*Instructions to follow*:
The required output is the exact run of lines in the listing below from the line holding "Two women holding starfish" through the line holding "Switched mode-strømforsyning; Kompakt;", with no pictures.

Records for this task below:

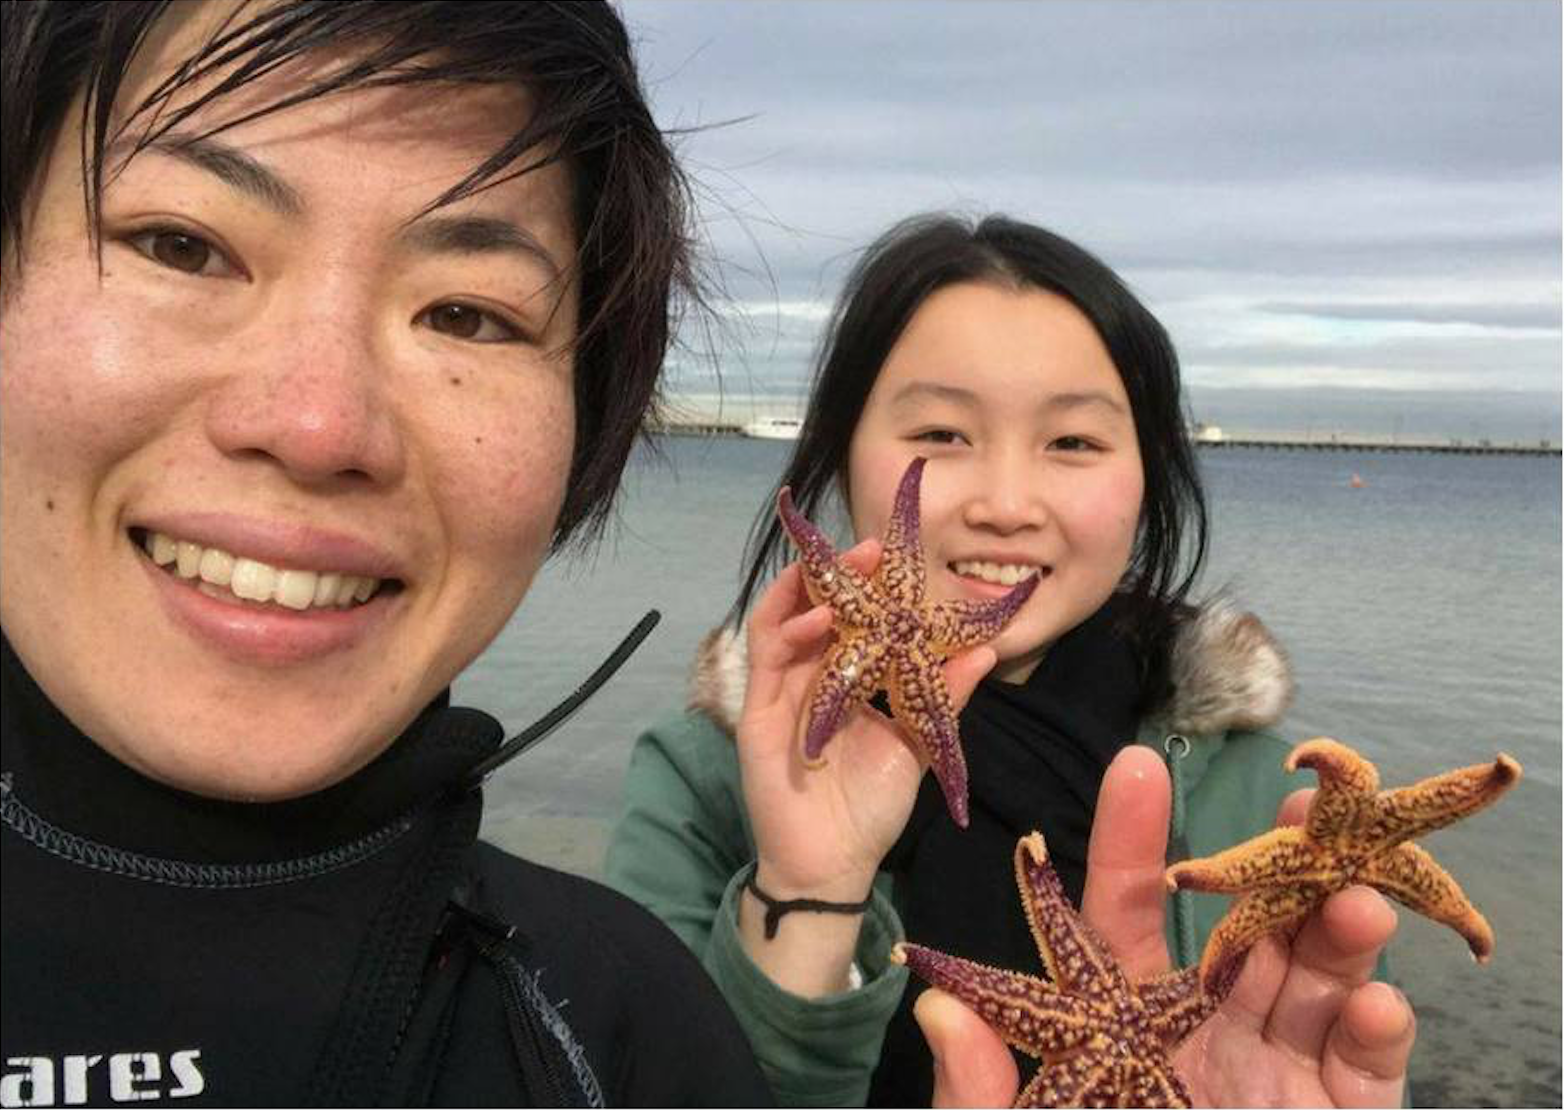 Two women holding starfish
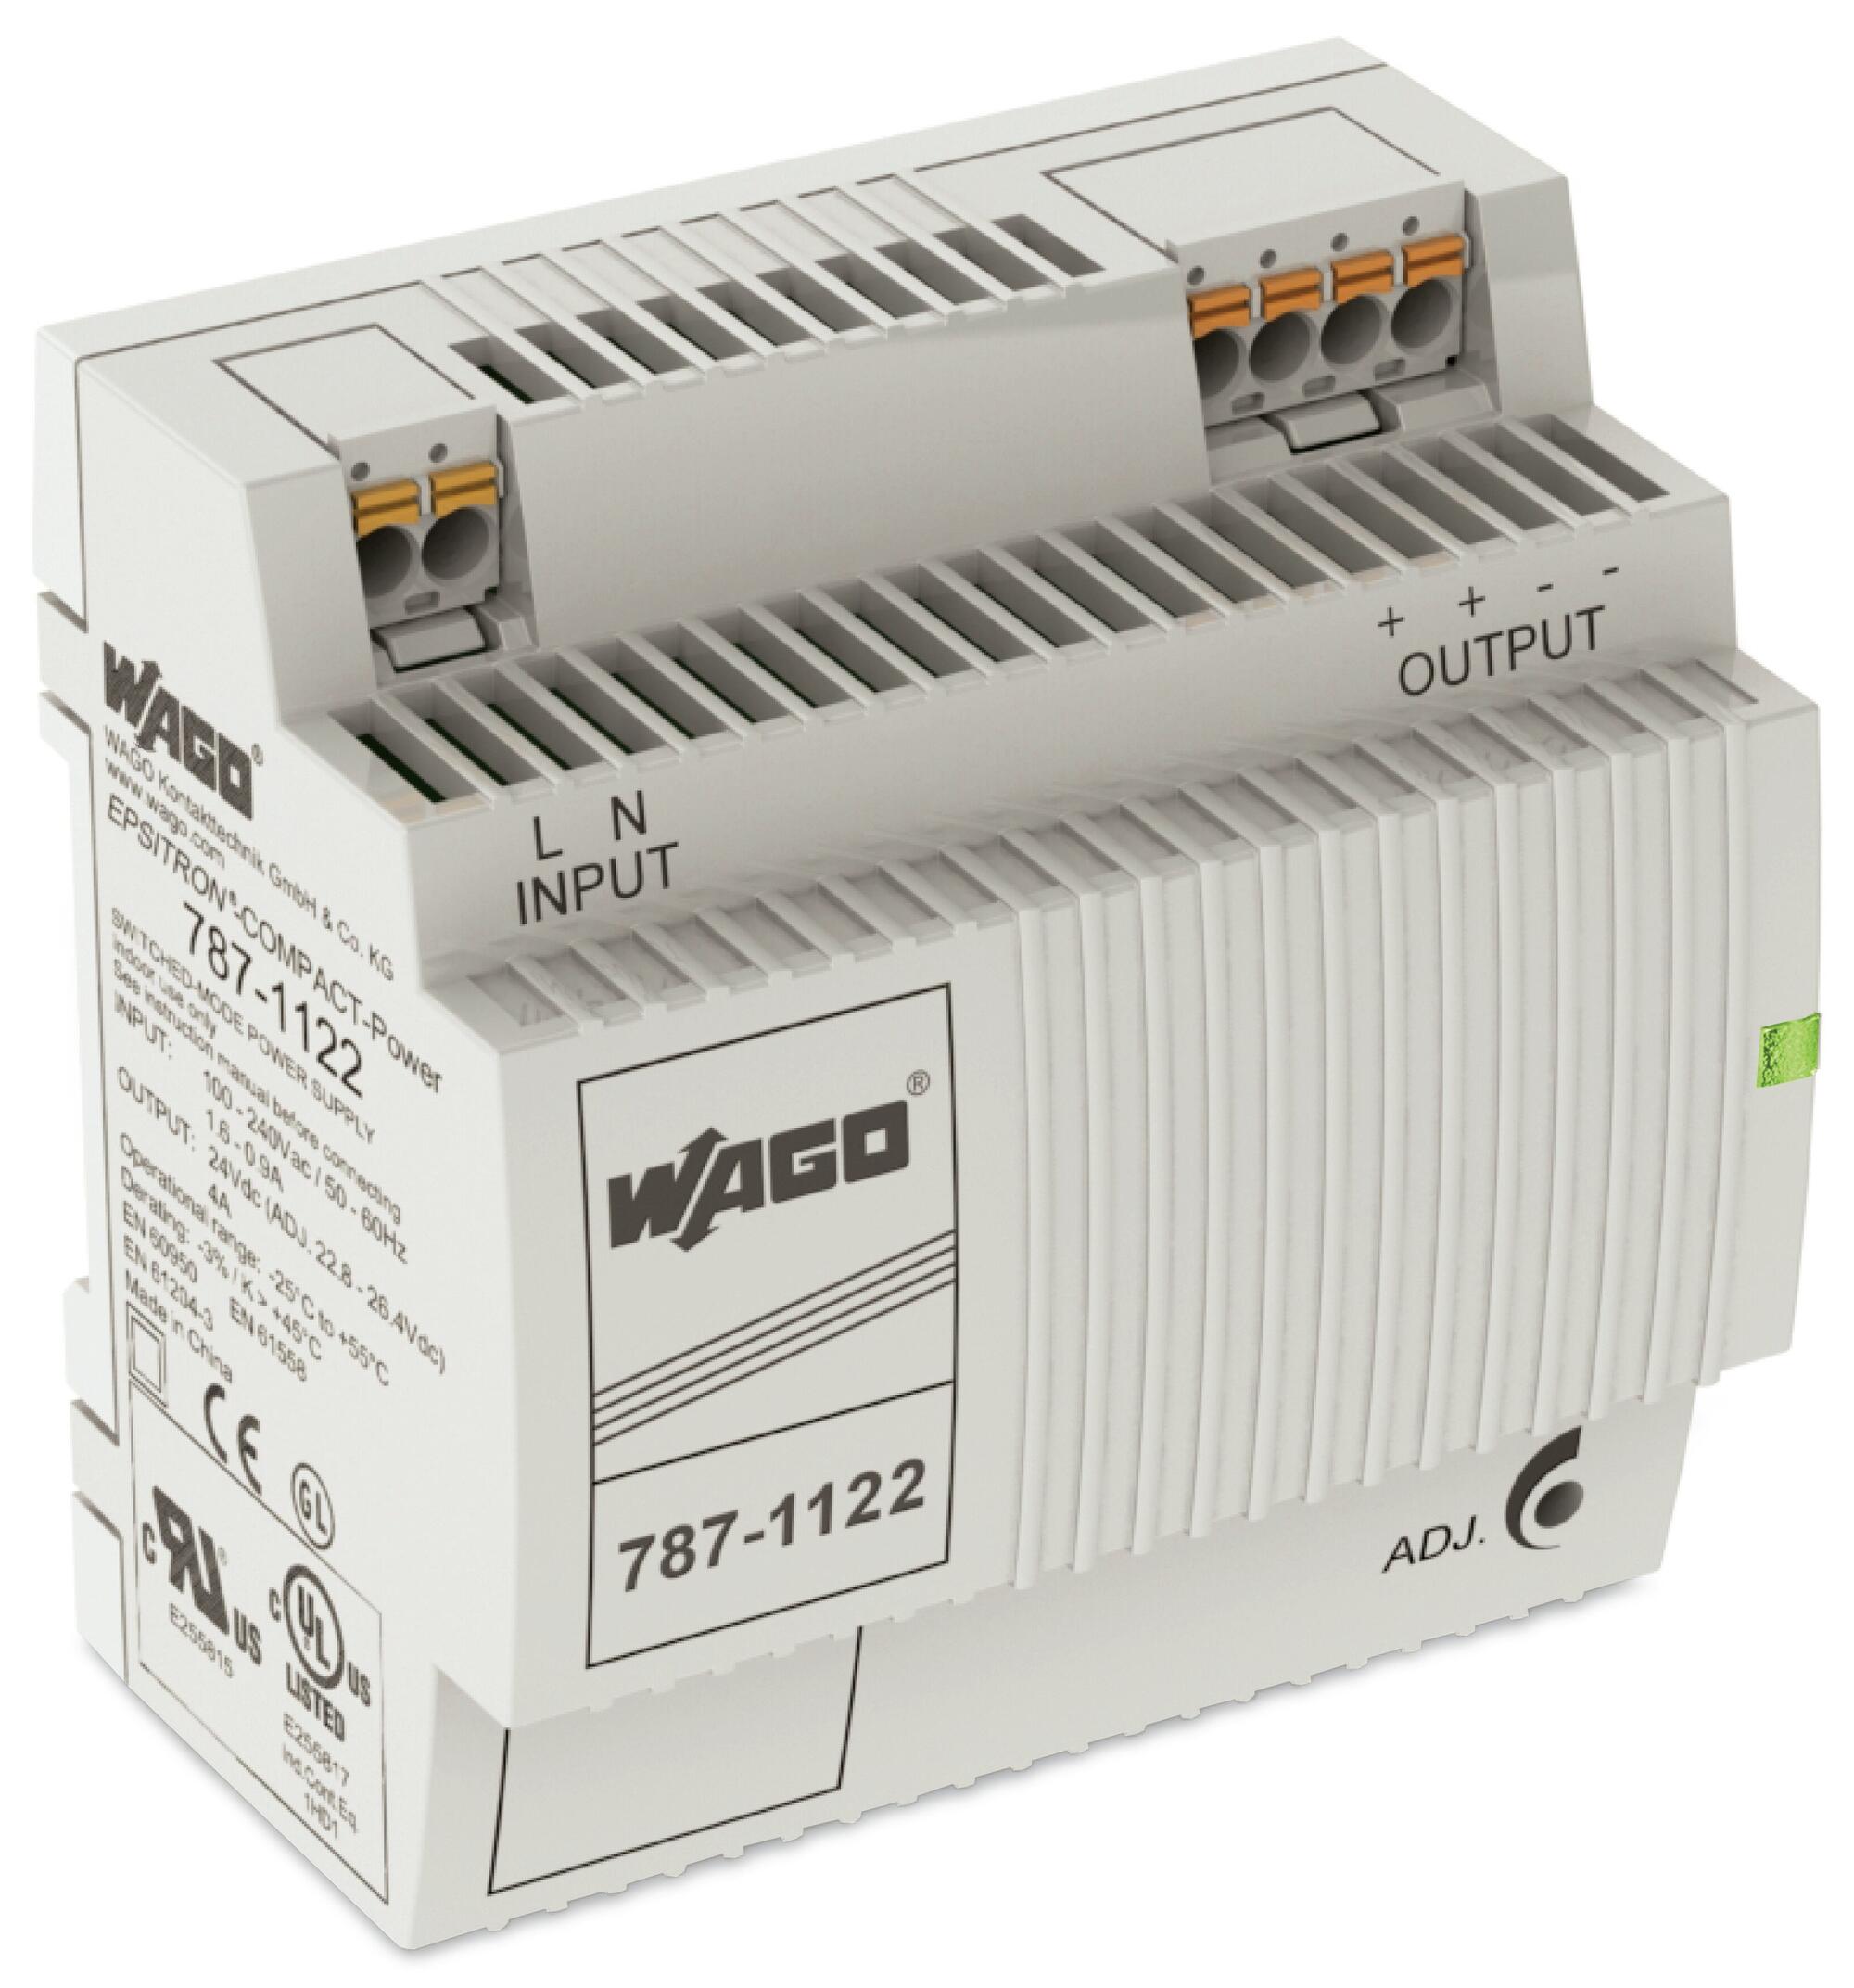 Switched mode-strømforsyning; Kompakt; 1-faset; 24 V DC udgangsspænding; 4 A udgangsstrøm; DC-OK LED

End of Records for this task.
Records for this task below:

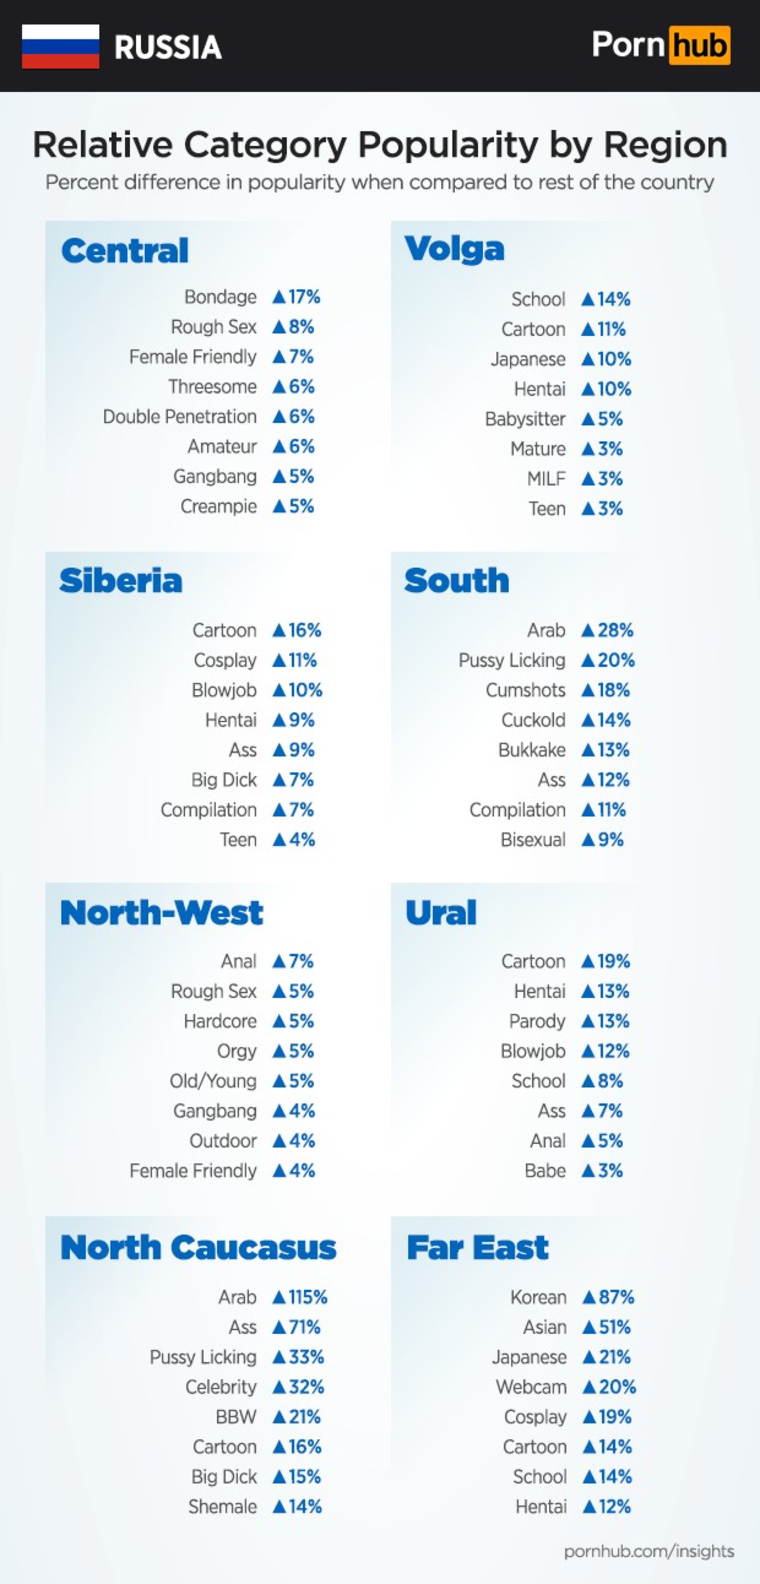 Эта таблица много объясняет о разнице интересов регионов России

End of Records for this task.
Records for this task below:

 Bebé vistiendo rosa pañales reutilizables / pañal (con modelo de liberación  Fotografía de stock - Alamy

End of Records for this task.

*Answer for the task*:
 Two women holding starfish
 Switched mode-strømforsyning; Kompakt; 1-faset; 24 V DC udgangsspænding; 4 A udgangsstrøm; DC-OK LED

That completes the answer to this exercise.